As the popularity of pickleball has soared, it’s earned a certain reputation: “tennis for old people.” Since the game moves at a slower pace and takes place on a smaller court than tennis, pickleball has definitely gained a following among seniors and older adults. But the truth is that it can be a great workout for people of any age. Want proof? As part of the ongoing Apple Heart and Movement Study, Apple and Brigham and Women’s Hospital (an affiliate of Harvard Medical School) just released some stats comparing the health metrics between 4,799 pickleball and 7,780 tennis players, as recorded on their Apple Watches during more than 250,000 games over the course of 32 months.
What do the pickleball vs tennis stats show?

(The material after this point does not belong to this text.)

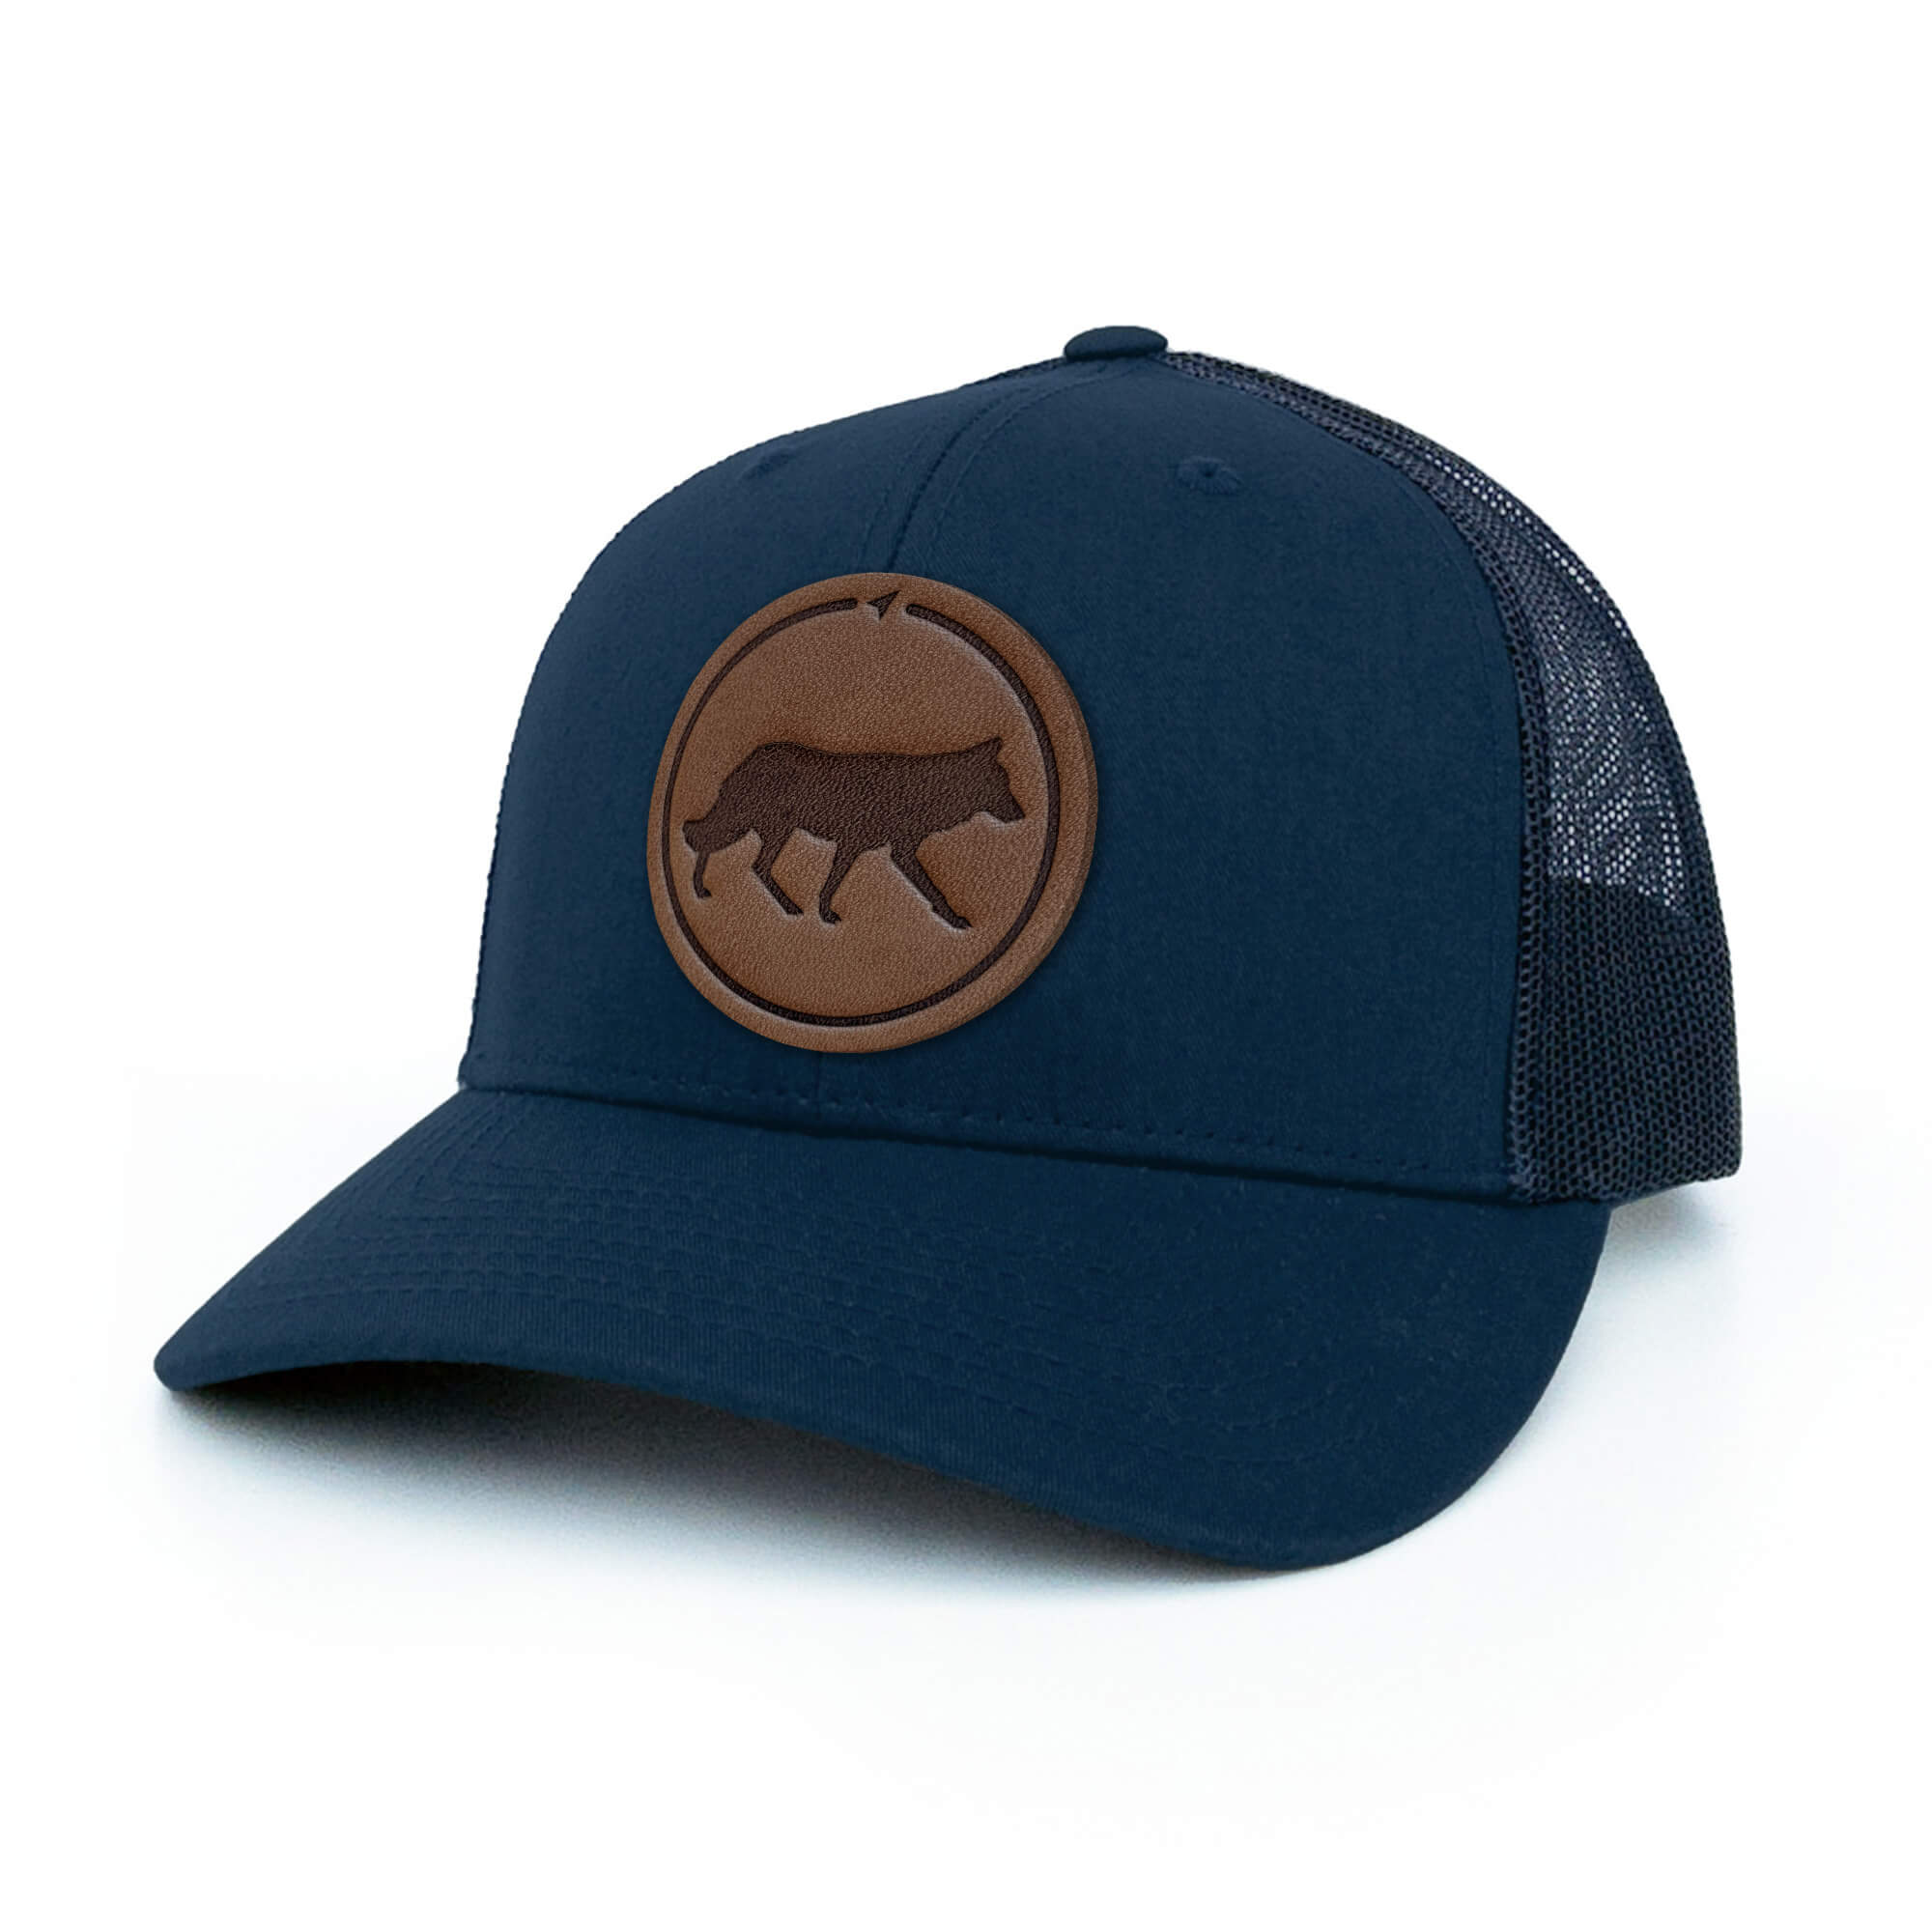 Navy trucker hat with full-grain leather patch of Wolf | BLACK-004-007, CHARC-004-007, NAVY-004-007, HGREY-004-007, MOSS-004-007, BROWN-004-007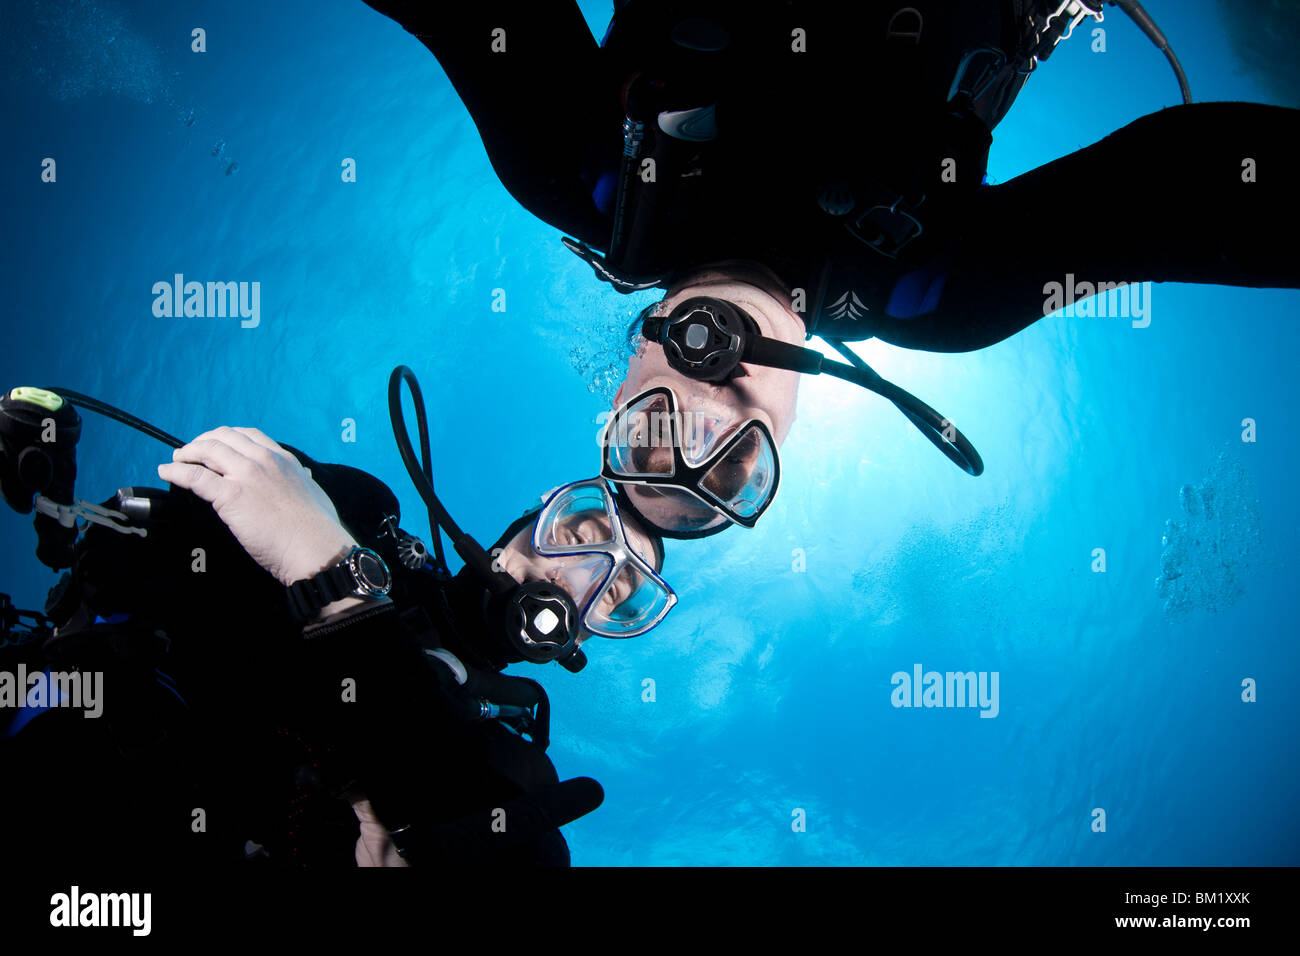 Scuba divers hovering together on a safety stop. Stock Photo

Overall, most of the metrics between the games were fairly similar, with just some slight variations between the two. Duration: The researchers found the average length of a pickleball workout was slightly longer than tennis workouts (90 minutes versus 81 minutes, respectively), and they saw greater variability in the time amount of time played. Intensity: Analyzing heart rate data from the Apple Watch, researchers found that peak heart rate averaged 152 beats per minute in tennis compared to 143 beats per minute in pickleball, a difference of nine beats per minute. Tennis players also spent nine percent more time in higher-intensity heart rate zones. Related Stories Consistency: There was more seasonal variation in the number of tennis games played throughout the year, while the number of pickleball workouts steadily rose throughout the entire time period studied (and surpassed the number of tennis games starting in July 2023). Photo: Apple Mental health effects: All study participants were asked on a quarterly basis to fill out a mental health survey, which includes a depression screening tool. The average scores from both frequent pickleball and tennis players showed they were less likely to be depressed than the overall population in the study.
So, what do those differences mean health-wise?
Interventional cardiologist Nadim Geloo, MD, the senior medical director of Abbott’s Structural Heart, says that physical activities like tennis and pickleball are both great ways to increase your heart rate, which can improve your overall cardiovascular health. “While people on average did play pickleball a few minutes longer than those who played tennis, the people who played tennis had a higher-intensity heart rate, which can have greater health benefits, including burning more calories and lowering cholesterol,” says Dr. Geloo. Yet he points out that these differences were ultimately rather small. “In practical terms, for most people, the slight difference in heart rate between the two activities is not likely to be relevant,” he says. “The important message is to get out and move!” The consistency with which pickleball players kept at it definitely puts a point in the pickleball court. Dr. Geloo explains that the most significant difference in the magnitude of benefits we see from exercise comes when comparing someone who does very little or no exercise to someone who meets the physical activity requirements for getting a sufficient amount of moderate-intensity exercise every week. Ultimately, Dr. Geloo says that both sports can provide great cardio workouts. “Both a short and intense workout and a longer and more sustained effort have their health benefits, but which option is right for you depends on your current health status and level of activity, as well as your long-term goals,” says Dr. Geloo. If you’re not sure which may be the right fit for you, he suggests consulting your primary care physician or cardiologist.
How can you make pickleball and tennis workouts even better for your health?
If you want to capitalize on the health benefits of pickleball and tennis, there’s a few things you can do:
Warm up first
Physicians around the country report an uptick in pickleball injuries in particular. “Just like any other physical activity, it’s important to stretch prior to playing either sport to prepare your body,” says Dr. Geloo. Exercise physiologist Carmen Van Rensburg previously told Well+Good that she recommends a five to 10-minute warm-up before a game, consisting of a little jogging then stretching all the major muscle groups you’ll use on the court: your calves, quads, hamstrings, inner thighs, lower back, shoulders, elbows, and wrists.
Keep your heart rate up
“During the short breaks between points, consider doing a mild jog in place to maintain an elevated heart rate,” suggests Dr. Geloo for those who really want to challenge the cardiovascular system and aerobic endurance. You’ll know you’re hitting the right heart rate zone if you can talk easily in short sentences and your breathing is a little heavy but not excessively so, he says.
As much important as it is to get enough exercise and play pickleball or tennis with sufficient intensity to get a good workout, Dr. Geloo says that it’s also necessary to give your body time to rest and recover after playing. “Making rest part of a consistent workout routine—and maintaining that active routine—can help with playing either sport longer and more intensely, which can contribute to long-term health benefits,” says Dr. Geloo. “Everyone is different: Whether you’re new to the sport or a seasoned pro, be sure to listen to your body and watch for signs of when it’s time to take a break or push forward.”
Keep it fun
“If it’s been a while since you exercised, don’t take on too much too fast; instead, go slow and grow!” says Dr. Geloo. “Whether you choose tennis, pickleball, or another sport, choose one that you enjoy and one that will allow you to follow a consistent routine long-term. The key is to keep it going!”